Un démantèlement à l'image des quelques rares en cours ailleurs : compliqué et difficile à planifier autre que au coup par coup. Ici il faudra aussi arriver à transformer en soude le sodium provenant de l’installation Phénix (et d’autres installations du CEA). On cogite sur une installation spécifique indispensable à cette effet. Ca n'avance pas vite mais on a déjà son nom : "NOAH". Et il faudra après une autre installation pour neutraliser la soude issue de l’installation NOAH. Son nom est arrêté : ce sera INES. Bon, ça c'est vu mais il faudra également un atelier de carbonatation des « pièges à césium ». Là encore le nom de baptême est dans les tuyaux : SHADE.
Tout ceci est soumis à un accord préalable de l’ASN au vue de la complexité mortelle de certaines opérations et de la nécessaire mise à jour du référentiel de sûreté. Histoire d’y intégrer des éléments comme, par exemple ce "détail" de la gestion des déchets (que Areva-Orano doit traiter à la Hague dans son installation usine UP2-800... qui doit être mise à l'arrêt) ou encore de la mise à jour du plan d’urgence interne. Et qu'on se rassure, lorsqu'on lance une installation nucléaire on voit loin (pas en terme de durée de fonctionnement, de coûts et d'atteintes sanitaires ou menaces) : la date du prochain réexamen de la situation devra intervenir au plus tard le... 31 octobre 2022. Le décret autorisant la création de l'installation Phénix, exploité avec la collaboration de EDF, avait été pris le 31 décembre 1969. Même arrêté le nucléaire c'est des emplois en pagaille. Et toujours à haut risque.

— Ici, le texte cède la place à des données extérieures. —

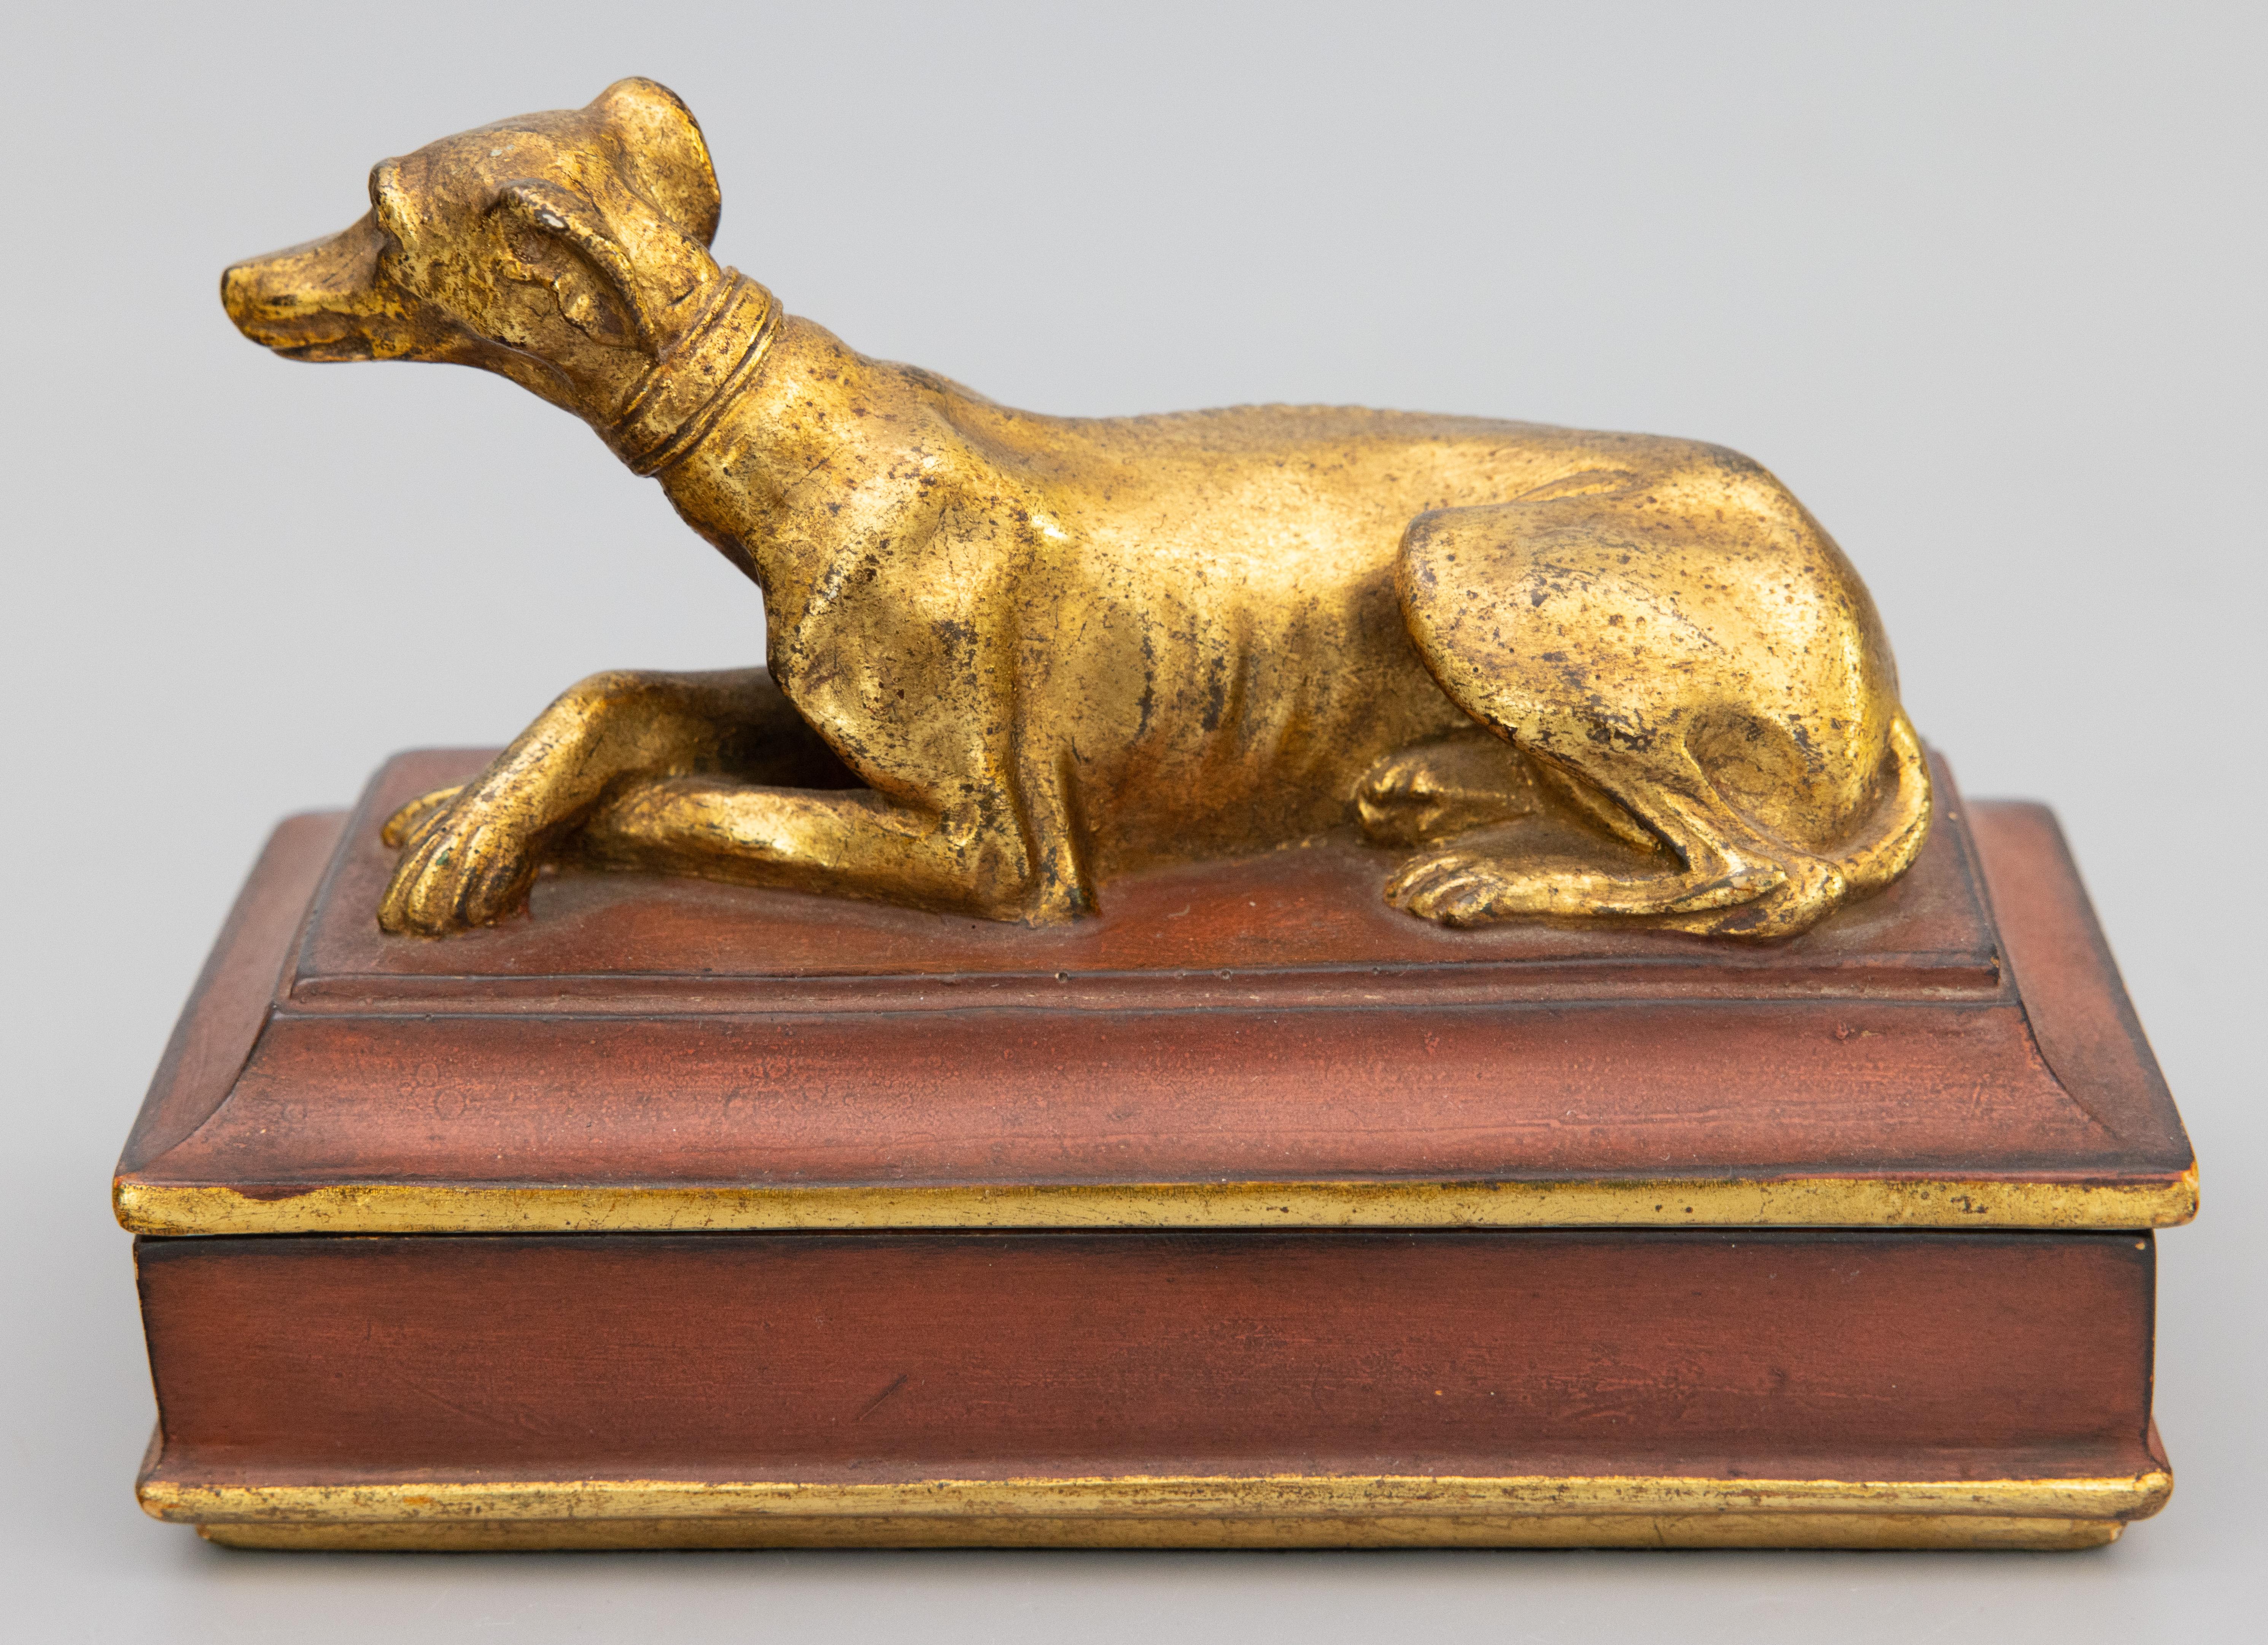 Très belle boîte italienne en plâtre de Borghese avec un charmant chien doré, vers 1930. Cet objet serait du plus bel effet dans un bureau ou comme accessoire de bureau. Il est idéal pour conserver des bijoux ou d'autres objets particuliers, parfait

Risque de criticité et d'emballement destructeur uranium/plutonium
Cette fois-ci on a donc frôlé le risque de criticité lors du déplacement d’étuis d’aiguilles combustibles dans le local de "stockage des éléments neufs" (SEN). 12 étuis contenant ces "aiguilles" ont été amenées et regroupés en partie centrale du stockage. Sauf que au regard du risque de criticité cet entreposage n'aurait jamais du avoir lieu là. D'autant que les règles destinées à la maîtrise du risque de criticité pour ce local ne prévoient pas cette configuration. Un peu le "coup de l'aiguille dans une meule de foin", notamment en plein été et par 40° à l'ombre. Aller y retrouver vos petits. Explosif ! L’ingénieur en charge de l’application des règles de sûreté-criticité de l’installation n'en croit pas ses oreilles. Il n’a été informé de cette opération... qu’après sa réalisation.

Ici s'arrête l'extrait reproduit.